My Top Level Portfolio Breakdown

As of right now, this is a rough breakdown of my entire portfolio
10% – Cash
20% – Risk Capital
40% – Dividend Growth
30% – Mutual Funds
This is the top layer of diversification. If we were to dig into each of those groups, you would see further diversification by sector and instrument (stock, short, options, etc). But that’s a topic for another blog post.

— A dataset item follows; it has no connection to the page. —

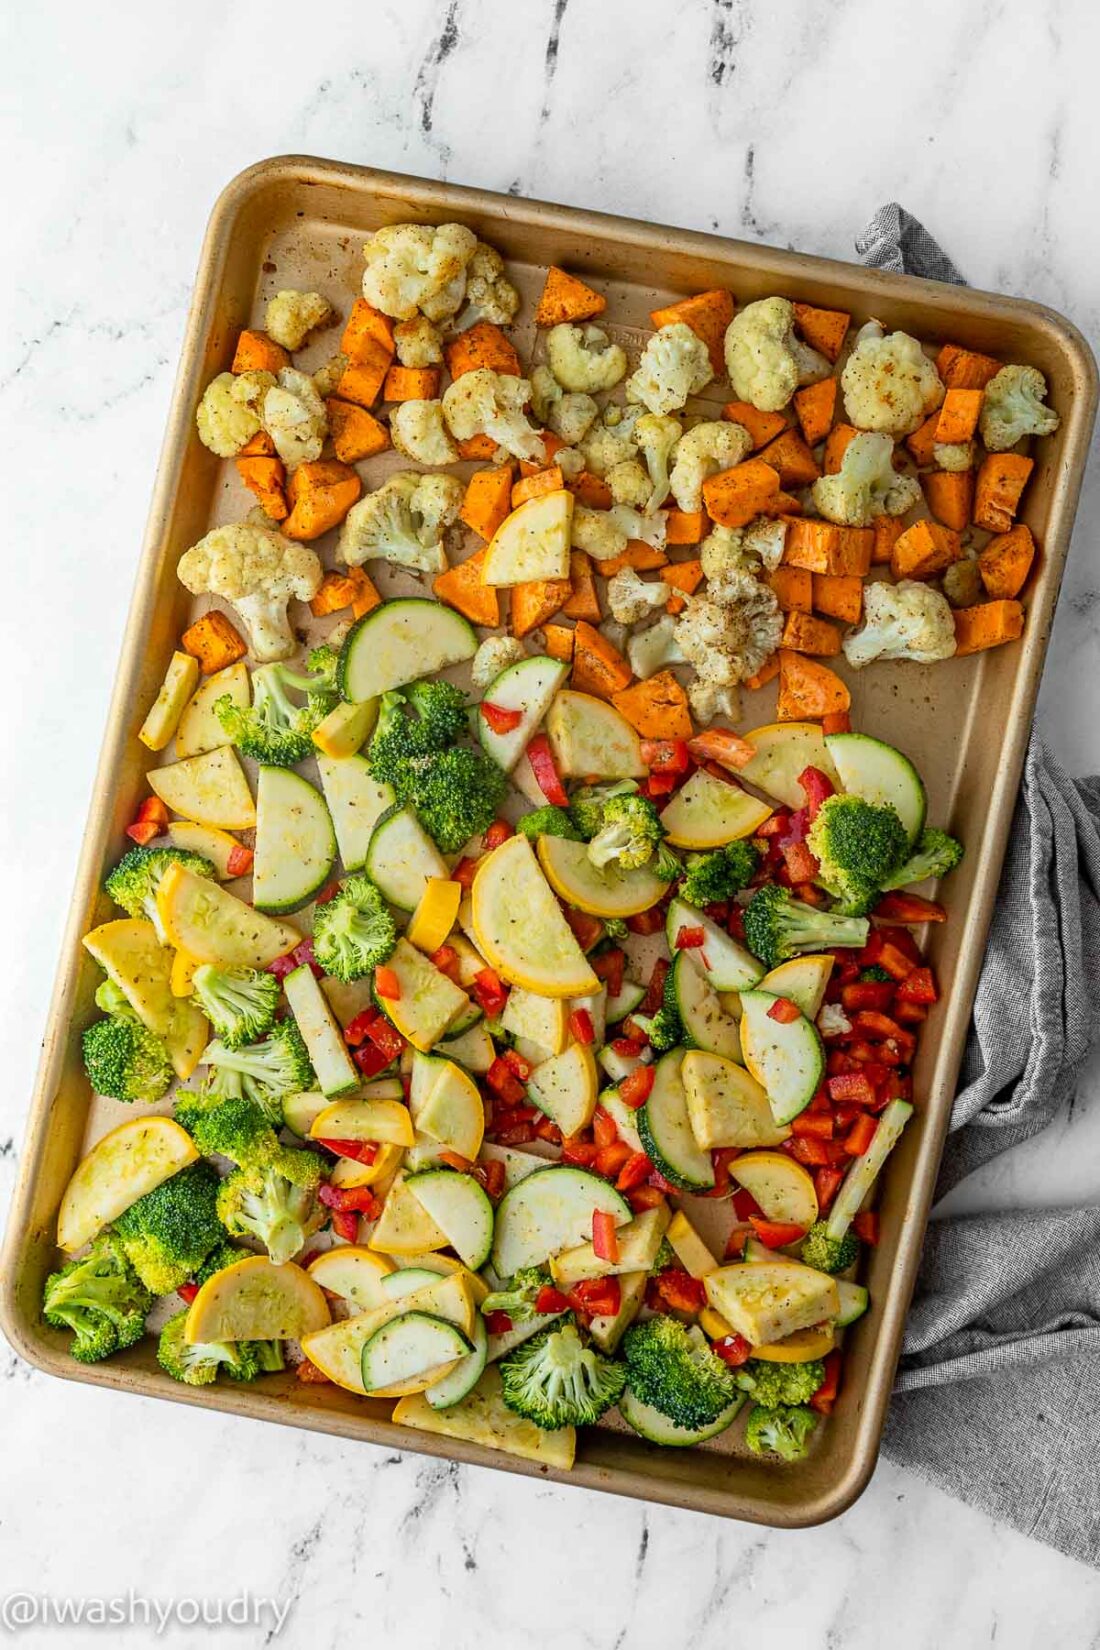 Raw zucchini, squash, peppers and broccoli on a skillet with roasted sweet potatoes and cauliflower.

How Much Risk Capital Should I Allocate?

So what’s a good percentage to allocate to your risk capital funds? Well, no one can answer that question for you. It all depends on your personal preference and what you hope to achieve. Young investors should always allocate a slightly higher percentage of their savings to risk capital than older investors. When your young you have more lessons to learn and more time to recover from any losses you incur. Taking on higher risk investments are less costly if you have an extra 20 years to make up those loses. But, even at a young age risk capital can be dangerous if you don’t understand how to manage your risk. Just because you are investing money that has a higher potential to lose money doesn’t mean you want to lose money. It doesn’t matter if you’re young f you don’t understand risk management and have the ability to make +EV decisions.

At the end of the day, the risk capital all boils down to personal preference. If you don’t have the time to study your positions and handle the associated stress, there is no point in allocating risk capital. A higher gain doesn’t necessarily mean a better investment if it adversely effects other aspects of your life. Take time to evaluate your personal preferences and put aside a comfortable amount of play around with options and high growth technology or pharmaceutical stocks. Even if you don’t end up making money right off the bat, at least you’ll learn how to handle different situations and become a better investor as a result.